Твой рефрен в последнее время, который, увы, не выглядел кокетством.

Тут взял слово папа и доложил о поведении слюнявчика в твое отсутствие:

– Тогда гэбуха и стала лепить из него официального поэта, в противовес тебе антибродского. Понятно, с его ведома и согласия. Пример толерантности властей: талант, интеллектуал, еврей, и никто не ставит ему палки в колеса. А твои неприятности – по причине собственной неуживчивости. От чего страдает Гамлет – от эпохи или от себя? Ты – Гамлет, сам виноват в своих несчастьях. И в чужих – тоже. В частности: в его. Он, конечно, на тебе зациклился, ты у него как бельмо в глазу. Каждый виток твоей тамошней славы – его личное несчастье. Твоя Нобелька – наповал, еле очухался. Да тут еще гласность – серпом по яйцам.

– Зато слухи, что тебе здесь не пишется, для него как глоток кислорода. – Это мама. – А однажды – ты тогда лежал в больнице – позвонил нам и сказал, что вроде бы ты умер. По «Голосу» передавали. Тихий ужас.

– Кого преждевременно хоронят, тот долго живет, – выдал папа, не стыдясь, прописную, хоть и не абсолютную истину, но мы его тут же простили, ибо желали тебе того же. – Казнить горевестника не за что, тем более если весть не подтвердилась. Вряд ли он сам ее выдумал.

– Да, на выдумку не горазд, – согласился ты. – Чужое подбирает. Что плохо лежит.

– Или подворовывает, – сказала мама. – Гомункулус гэбухи, гомо советикус, поэт-совок.

Таков был ее окончательный приговор, обжалованию не подлежит.

Из нас единственная, мама была сторонницей смертной казни.

– Он не виноват, что я пережил слух о моей смерти, – вступился ты.

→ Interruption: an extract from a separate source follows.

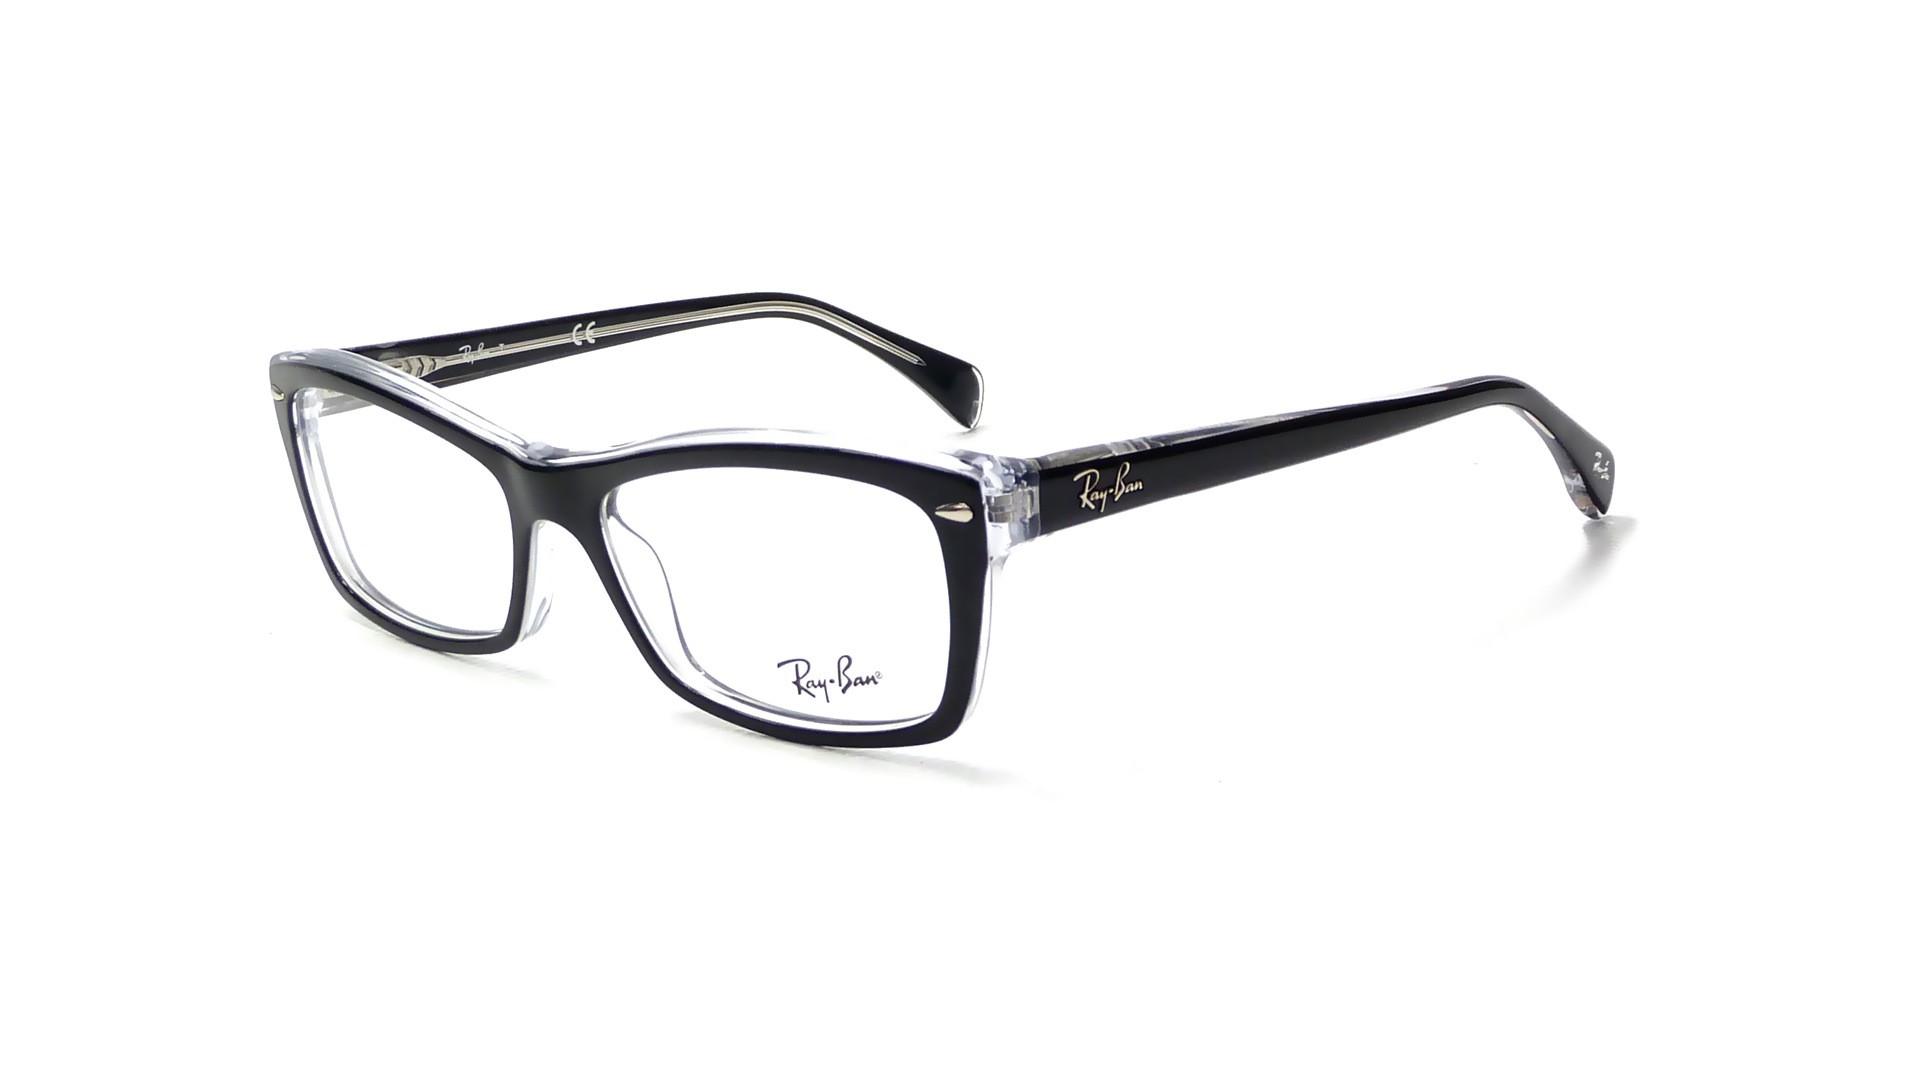 Lunettes de vue Ray-Ban RX5255 RB5255 2034 53-16 Noir   Prix 41,96 €    Visiofactory 38a0adc253fa

– Вот я и говорю: это ты во всем виноват, дядюшка Гамлет! Тебя не гложет твой еврейский guilt, комплекс вины? Теперь нам понятно, почему ты спел ему осанну.

– Может, я его таким образом унизить хотел, да?

– Унизить? – удивилась мама. – Да ты ему путевку в вечность выдал. Он теперь будет размахивать твоей индульгенцией перед апостолом Петром.

– Не думаю. Атеист до мозга костей. В потустороннюю жизнь не верит.

– Так он здесь, на Земле, свое возьмет, подключив тебя к своей славе. Ты еще будешь ему завидовать.

– Уже?, – сказал ты загадочно, но той же ночью все объяснилось – по телефону.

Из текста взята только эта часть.